[Python-Dev] Next-to-last wart in Python syntax.

Thomas Wouters thomas@xs4all.net
Wed, 14 Mar 2001 14:58:50 +0100


On Wed, Mar 14, 2001 at 02:09:51PM +0100, Fredrik Lundh wrote:
> finn wrote:

> > >>>> spam(class=1)
> > >{'class': 1}
> > >>>> spam(print=1)
> > >{'print': 1}
> > 
> > Exactly.

> how hard would it be to fix this in CPython?  can it be
> done in time for 2.1?  (Thomas?)

Well, monday night my jetlag hit very badly (I flew back on the night from
saturday to sunday) and caused me to skip an entire night of sleep. I spent
part of that breaking my brain over the parser :) I have no experience with
parsers or parser-writing, by the way, so this comes hard to me, and I have
no clue how this is solved in other parsers.

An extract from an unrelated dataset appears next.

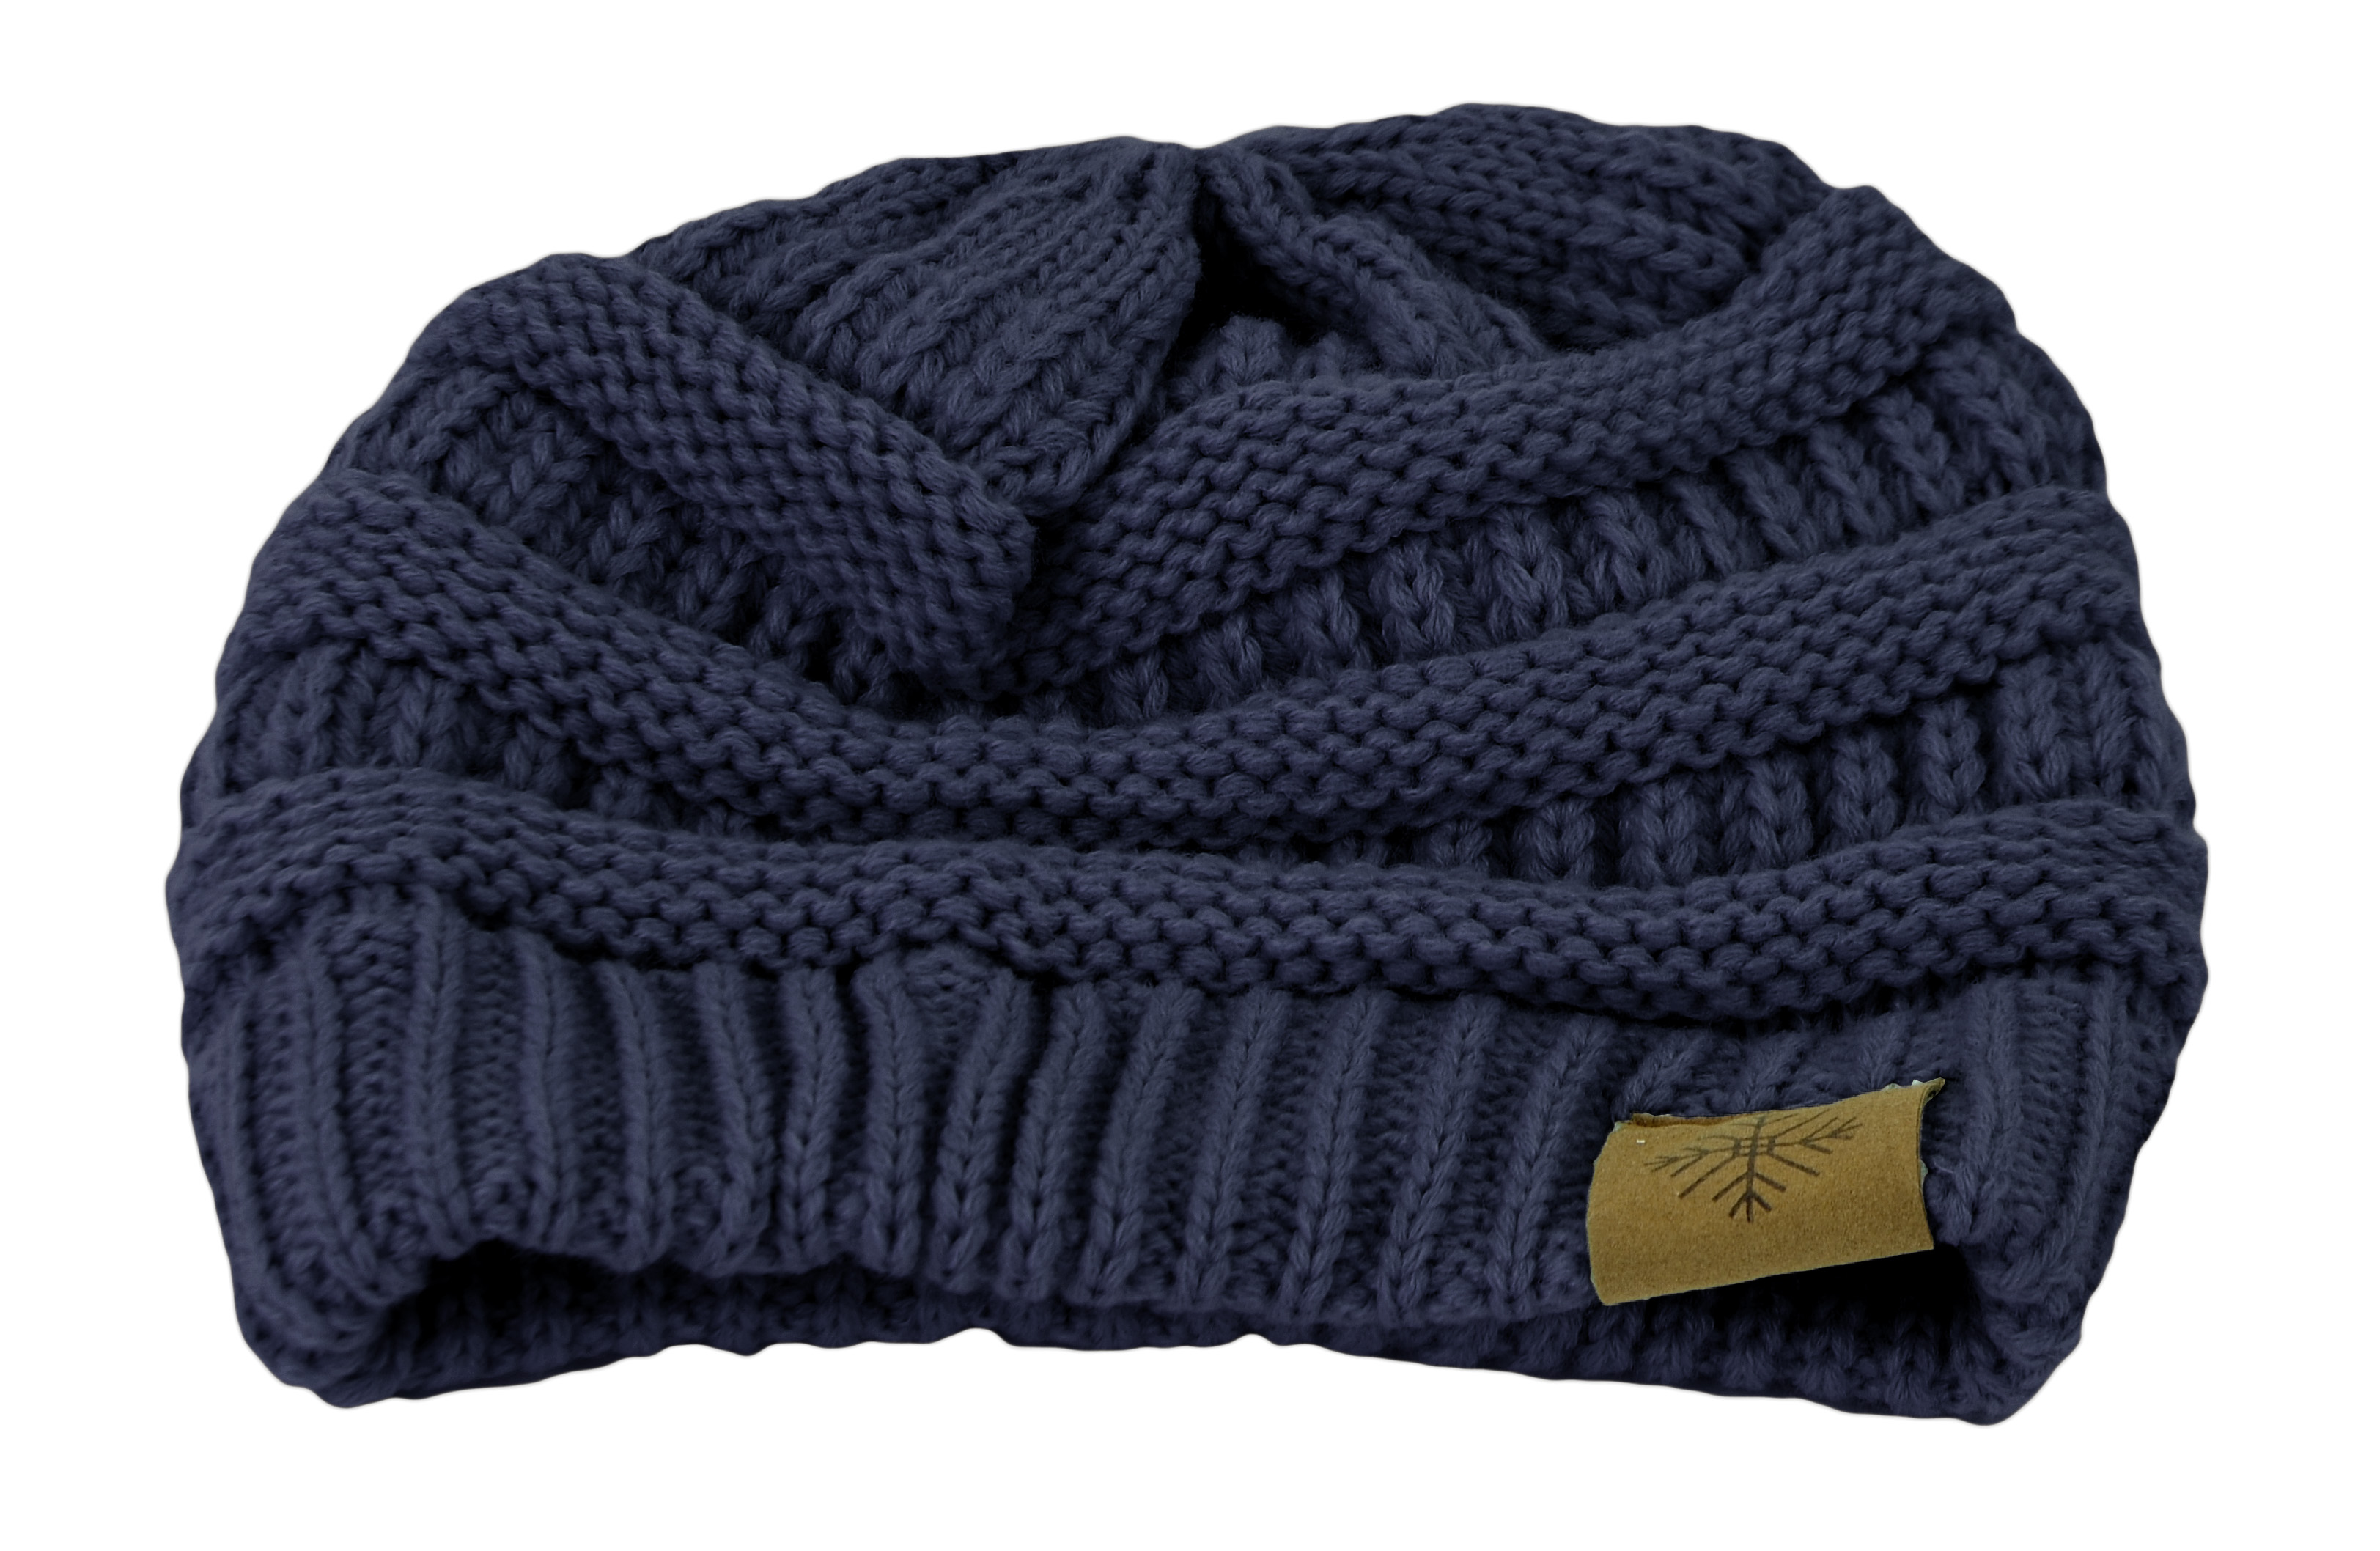 Belle Donne Women / Men Cable Slouchy Beanie Winter Hats Oversized Baggy Knitted - Navy Blue

I seriously doubt it can be done for 2.1, unless someone knows parsers well
and can deliver an extended version of the current parser well before the
next beta. Changing the parser to something not so limited as our current
parser would be too big a change to slip in right before 2.1. 

Fixing the current parser is possible, but not straightforward. As far as I
can figure out, the parser first breaks up the file in elements and then
classifies the elements, and if an element cannot be classified, it is left
as bareword for the subsequent passes to catch it as either a valid
identifier in a valid context, or a syntax error.

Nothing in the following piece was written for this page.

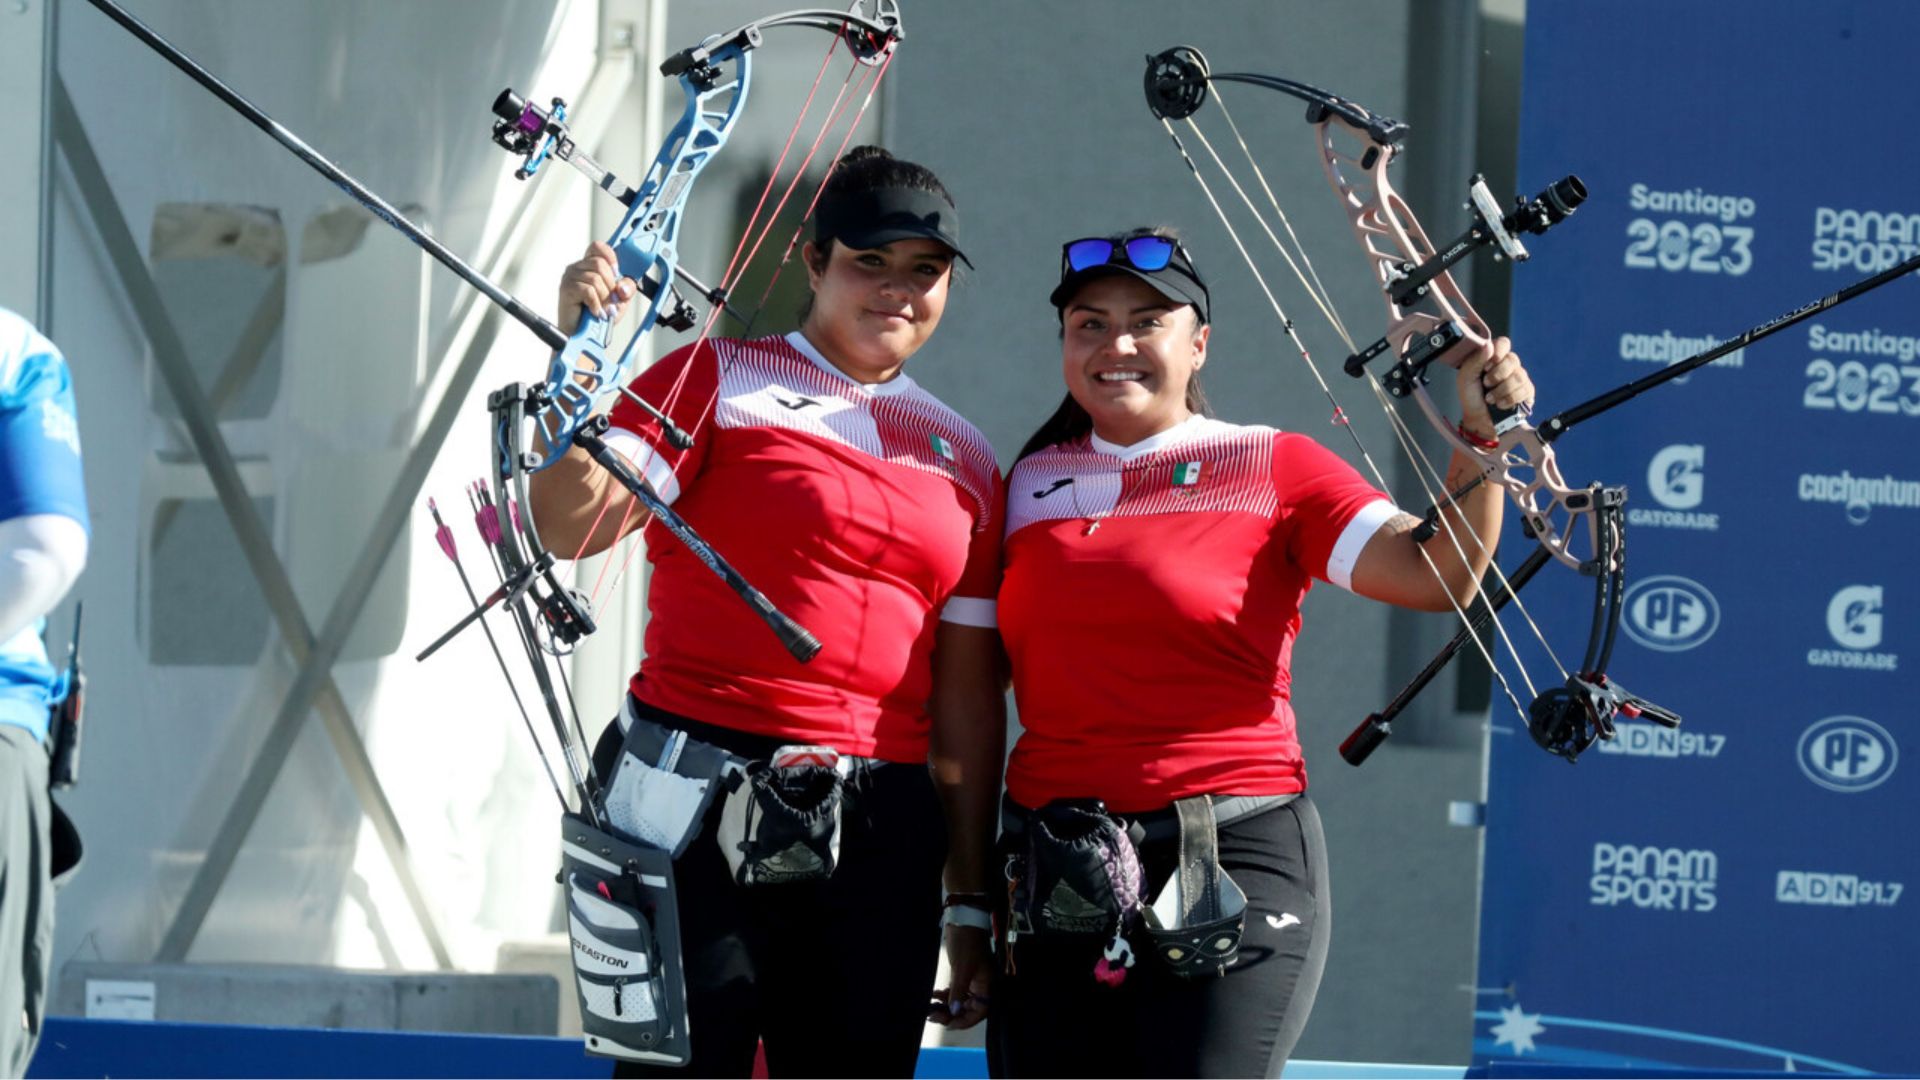 Mexican Archer Defeats World's Best and Goes For Gold in Archery

I guess it should be possible to hack the parser so it accepts other
statements where it expects an identifier, and then treats those statements
as strings, but you can't just accept all statements -- some will be needed
to bracket the identifier, or you get weird behaviour when you say 'def ()'.
So you need to maintain a list of acceptible statements and try each of
those... My guess is that it's possible, I just haven't figured out how to
do it yet. Can we force a certain 'ordering' in the keywords (their symbolic
number as #defined in graminit.h) some way ?

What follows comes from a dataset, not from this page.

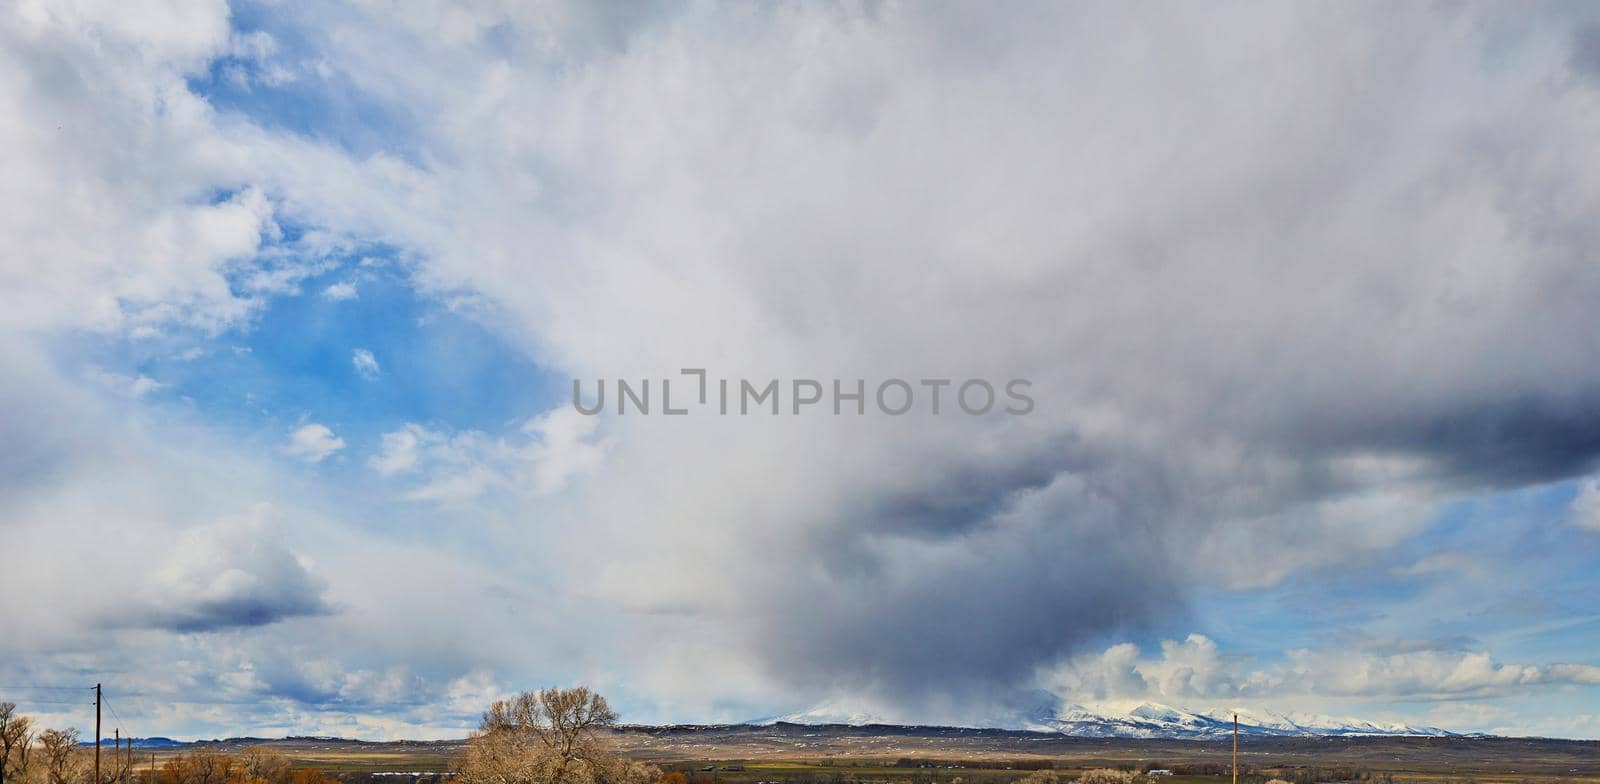 Image of Panorama of large storm overtaking snowy mountains

Another solution would be to do it explicitly in Grammar. I posted an
attempt at that before, but it hurts. It can be done in two ways, both of
which hurt for different reasons :) For example,

funcdef: 'def' NAME parameters ':' suite

can be changed in

funcdef: 'def' nameorkw parameters ':' suite
nameorkw: NAME | 'def' | 'and' | 'pass' | 'print' | 'return' | ...

or in

funcdef: 'def' (NAME | 'def' | 'and' | 'pass' | 'print' | ...) parameters ':' suite

The first means changing the places that currently accept a NAME, and that
means that all places where the compiler does STR(node) have to be checked.
There is a *lot* of those, and it isn't directly obvious whether they expect
node to be a NAME, or really know that, or think they know that. STR() could
be made to detect 'nameorkw' nodetypes and get the STR() of its first child
if so, but that's really an ugly hack.

The second way is even more of an ugly hack, but it doesn't require any
changes in the parser. It just requires making the Grammar look like random
garbage :) Of course, we could keep the grammar the way it is, and
preprocess it before feeding it to the parser, extracting all keywords
dynamically and sneakily replacing NAME with (NAME | keywords )... hmm...
that might actually be workable. It would still be a hack, though.

Now-for-something-easy--meetings!-ly y'rs ;)
-- 
Thomas Wouters <thomas@xs4all.net>

Hi! I'm a .signature virus! copy me into your .signature file to help me spread!